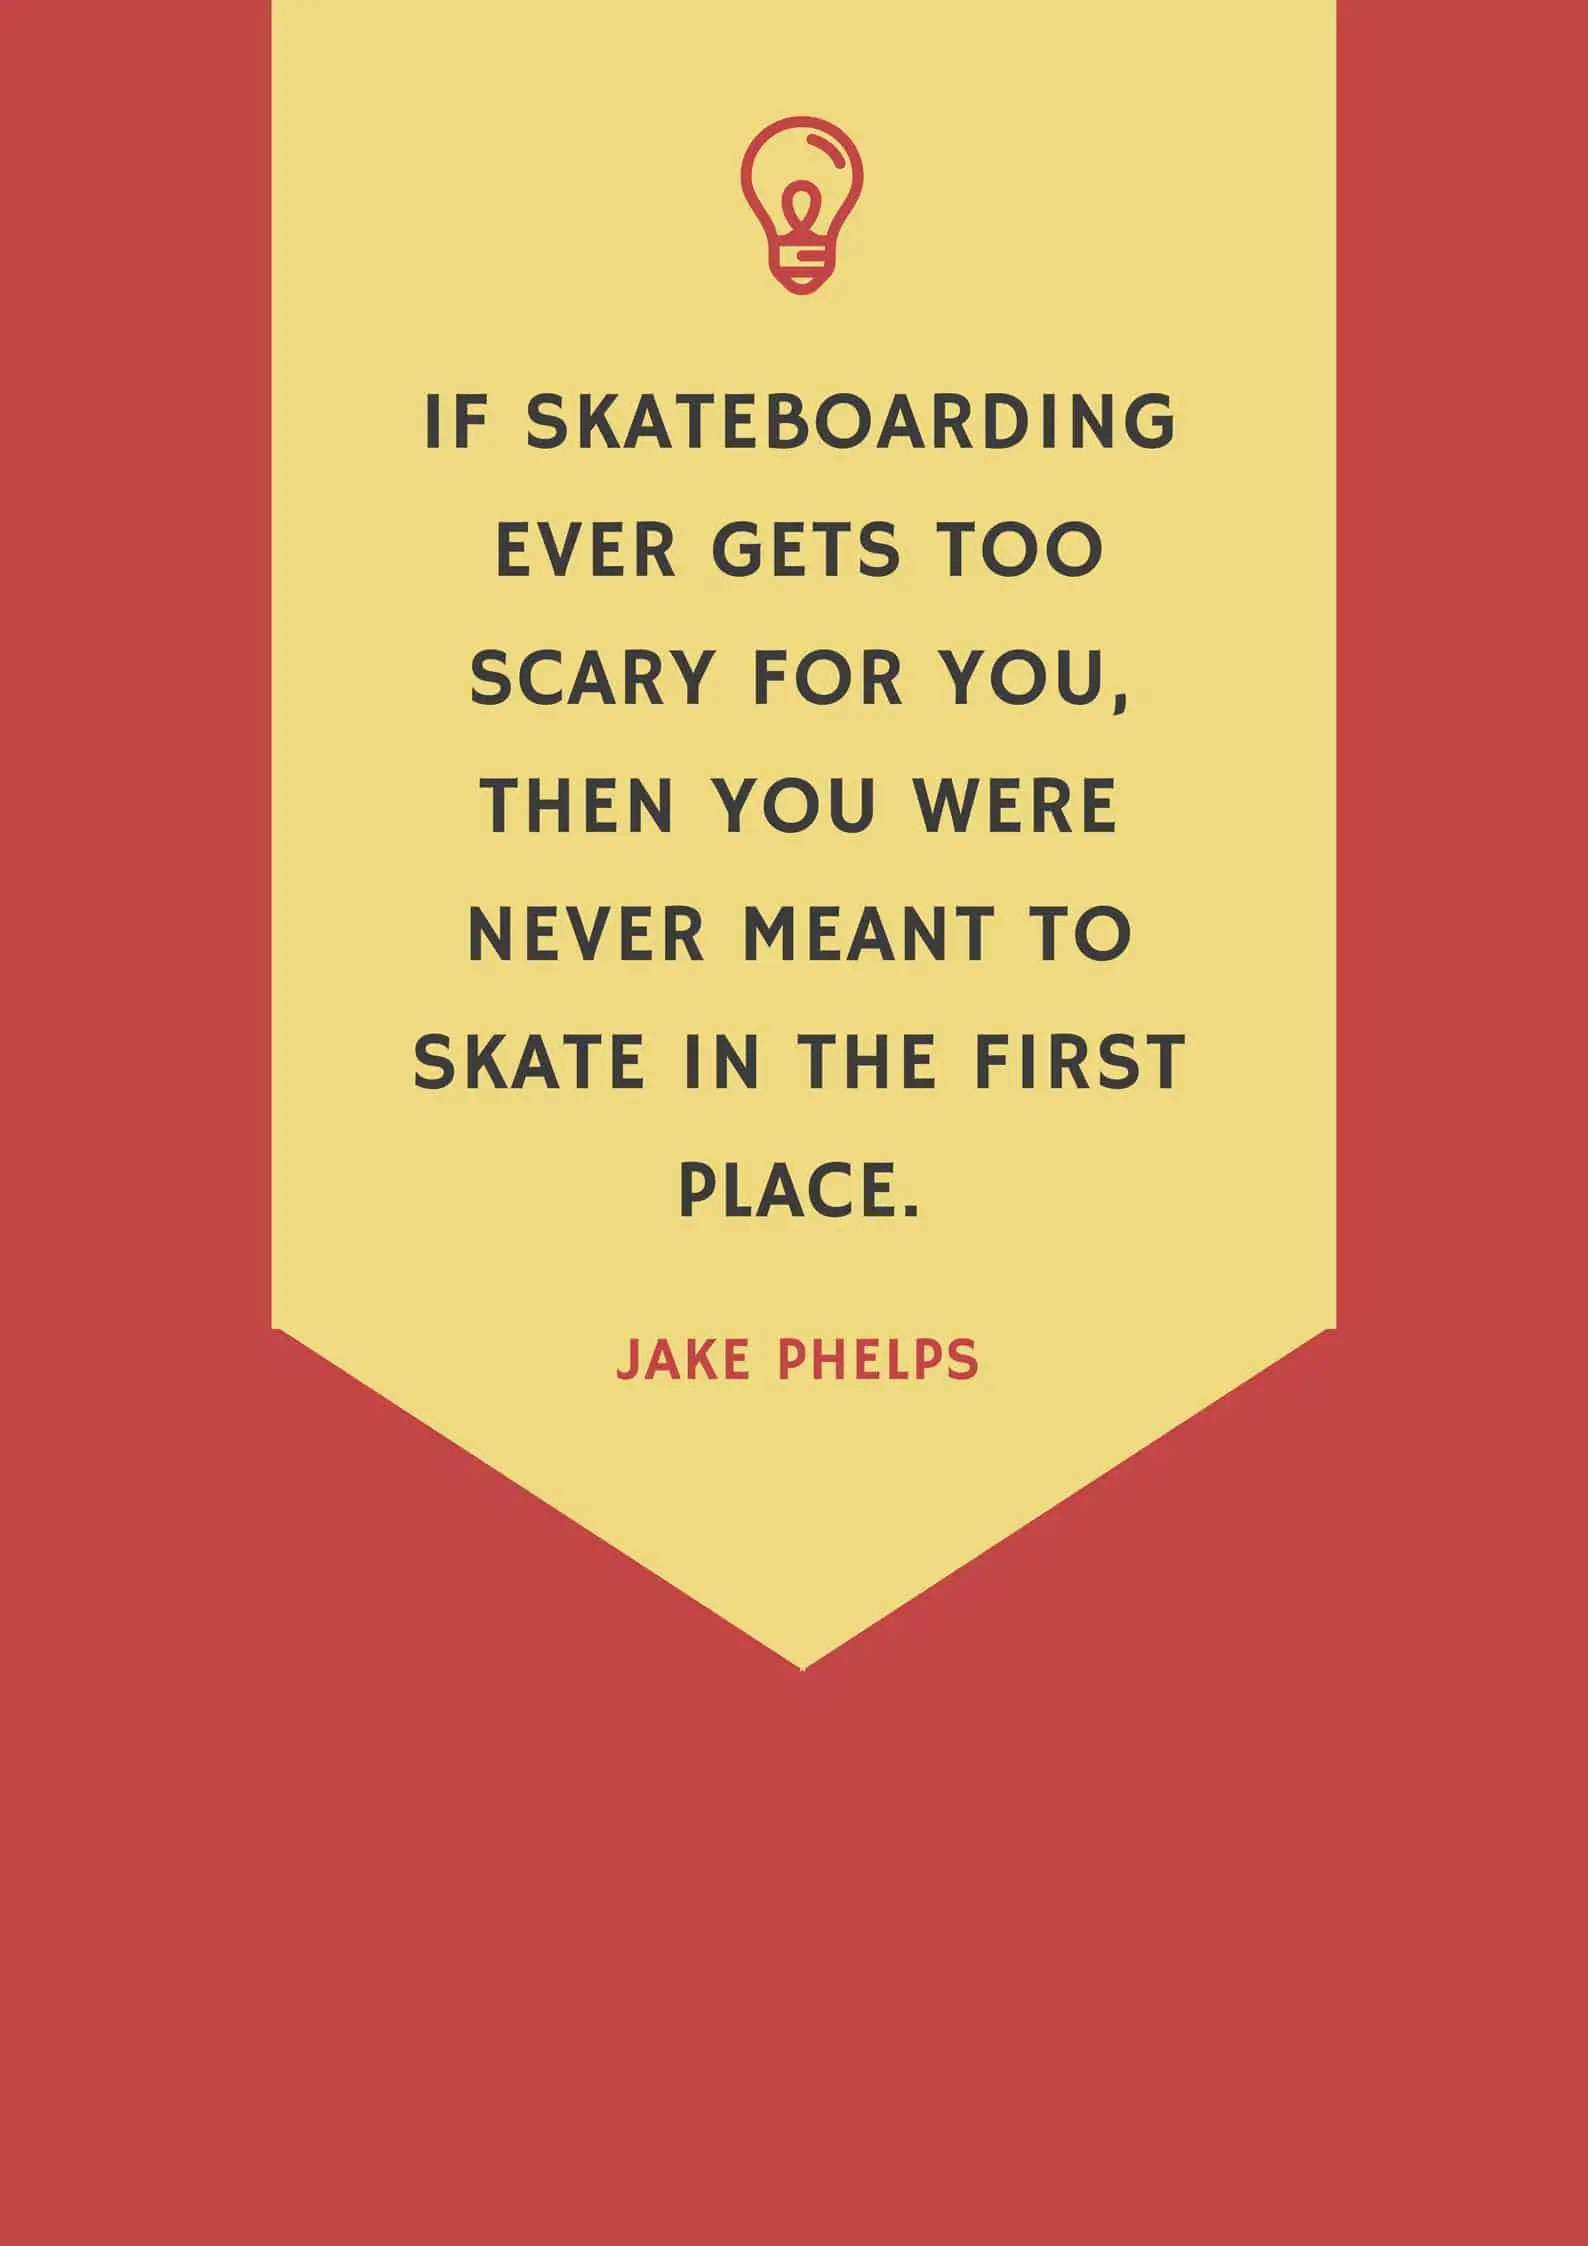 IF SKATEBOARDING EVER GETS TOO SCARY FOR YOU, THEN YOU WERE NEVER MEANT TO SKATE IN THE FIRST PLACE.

▬▬▬▬▬▬▬▬▬▬

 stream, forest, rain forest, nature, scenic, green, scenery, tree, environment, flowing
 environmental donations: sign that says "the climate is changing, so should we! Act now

▬▬▬▬▬▬▬▬▬▬

- To do
With the first line being the one containing "stream, forest, rain" and the last line the one containing "environmental donations: sign", transcribe exactly the lines above that fall in that range.

- Solution for this exercise
 stream, forest, rain forest, nature, scenic, green, scenery, tree, environment, flowing
 environmental donations: sign that says "the climate is changing, so should we! Act now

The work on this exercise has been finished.